## Assignment
Every line of the listing below must be printed again exactly, apart from its pictures.

## Source data
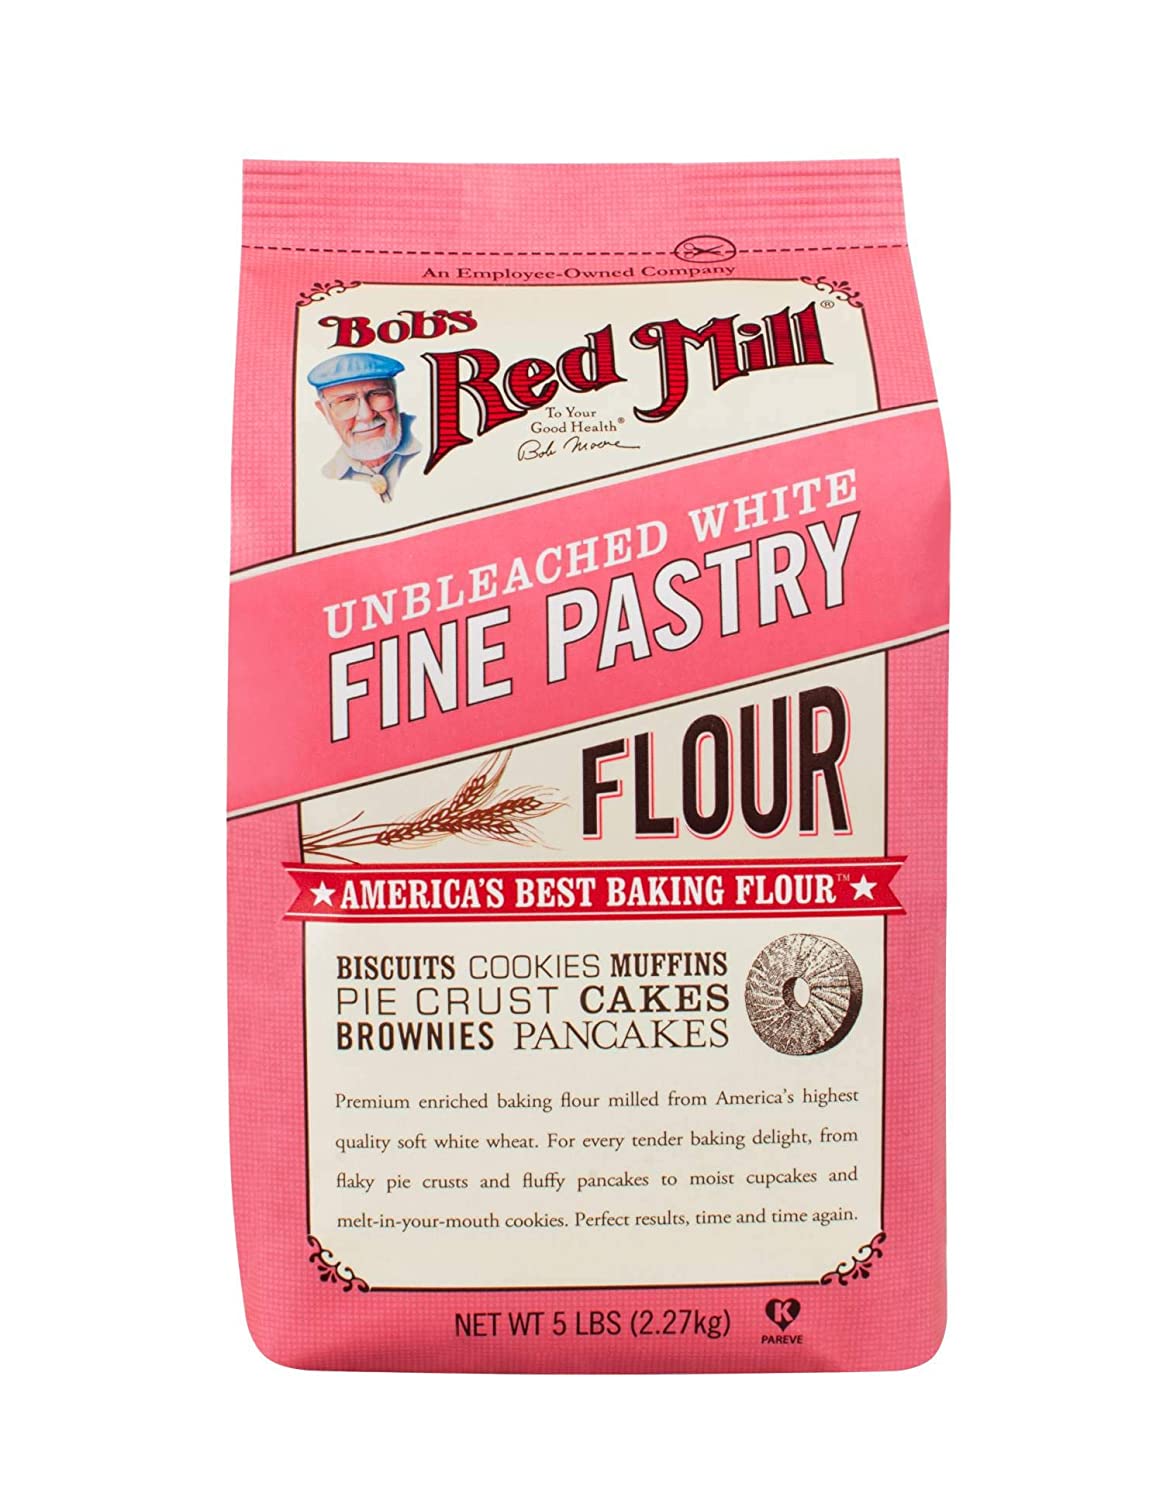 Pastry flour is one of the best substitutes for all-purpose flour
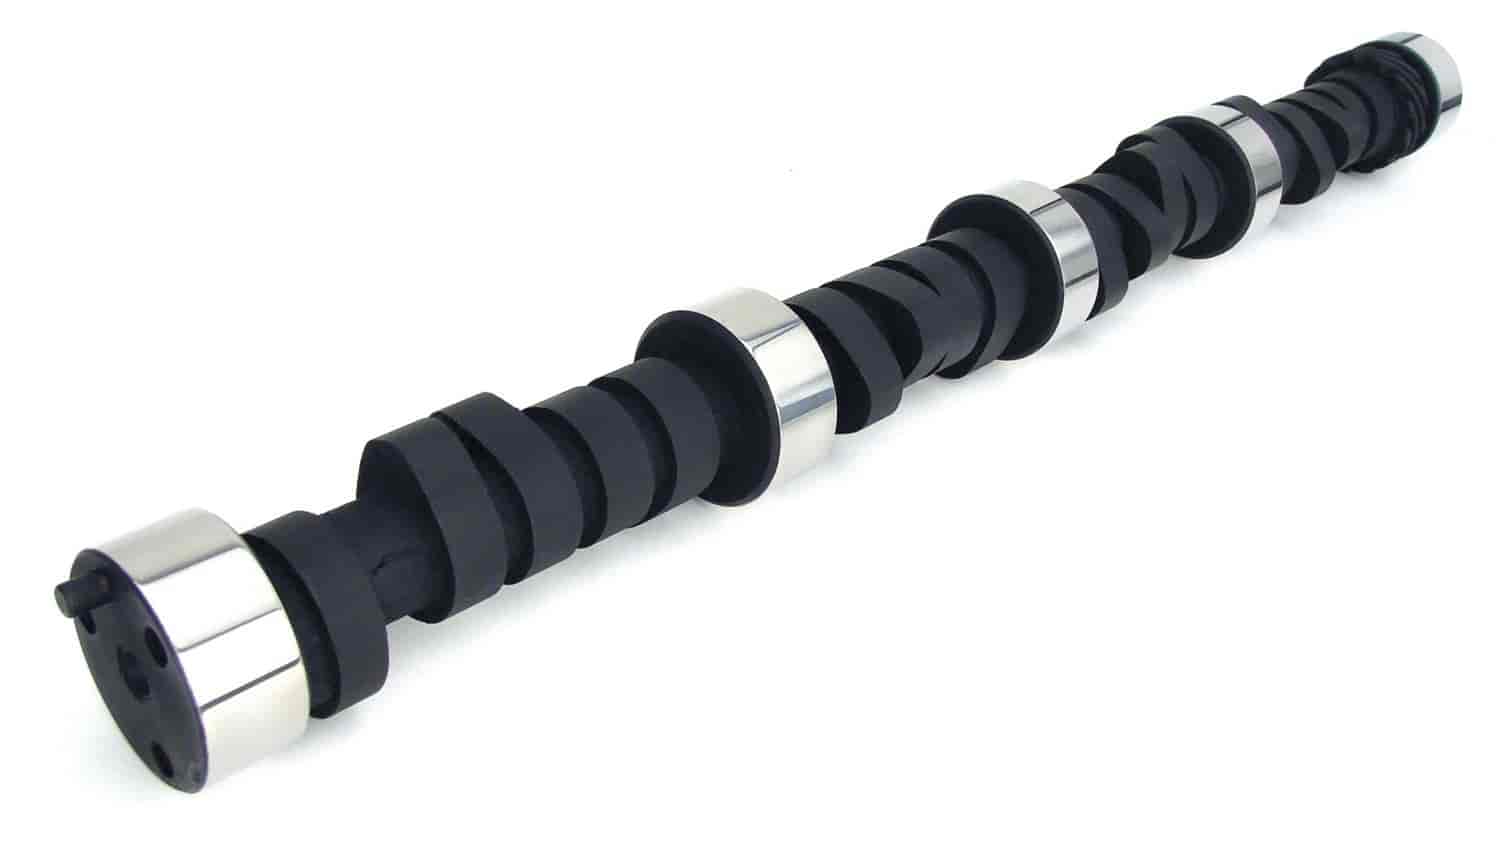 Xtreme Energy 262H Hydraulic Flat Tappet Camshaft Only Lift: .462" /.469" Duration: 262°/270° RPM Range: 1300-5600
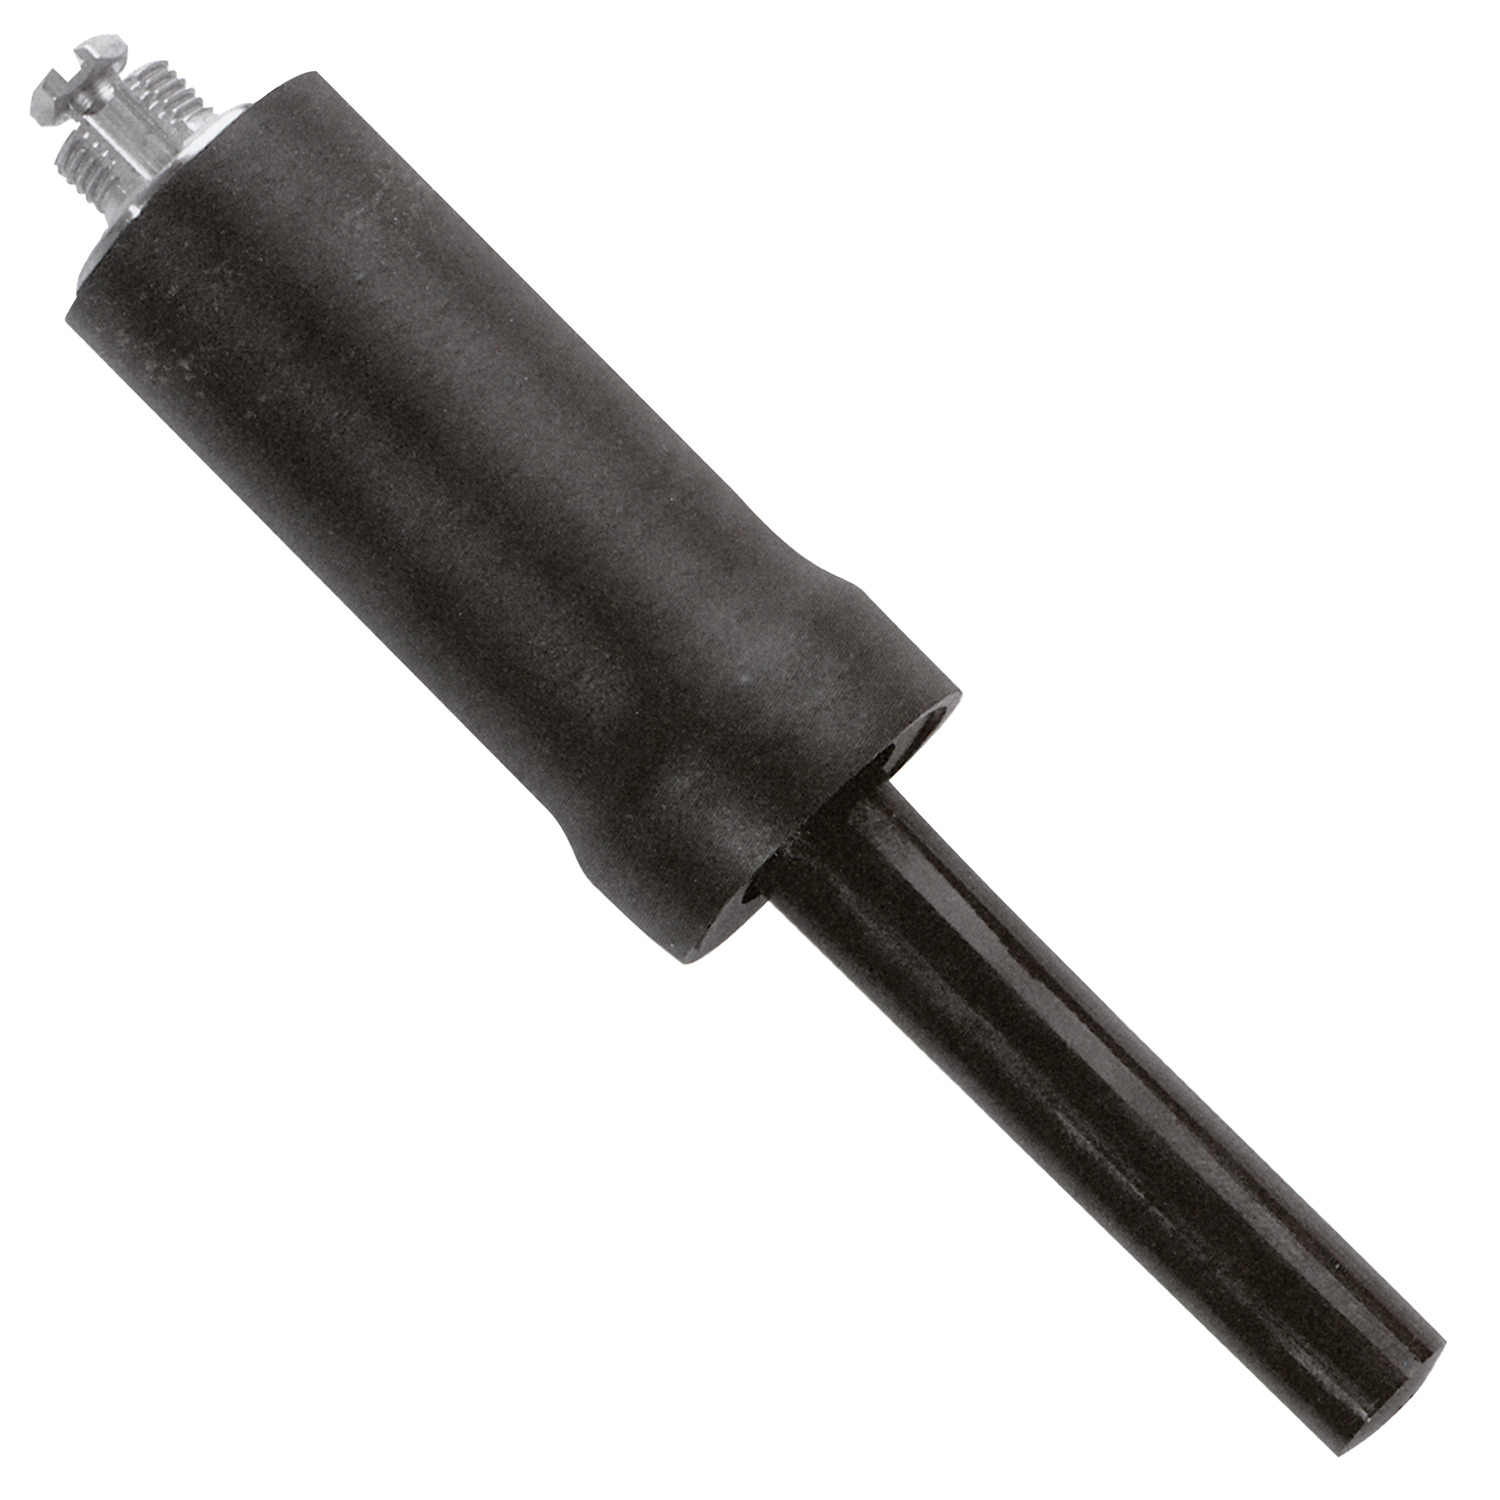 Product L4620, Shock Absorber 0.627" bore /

## Answer section
 Pastry flour is one of the best substitutes for all-purpose flour
 Xtreme Energy 262H Hydraulic Flat Tappet Camshaft Only Lift: .462" /.469" Duration: 262°/270° RPM Range: 1300-5600
 Product L4620, Shock Absorber 0.627" bore /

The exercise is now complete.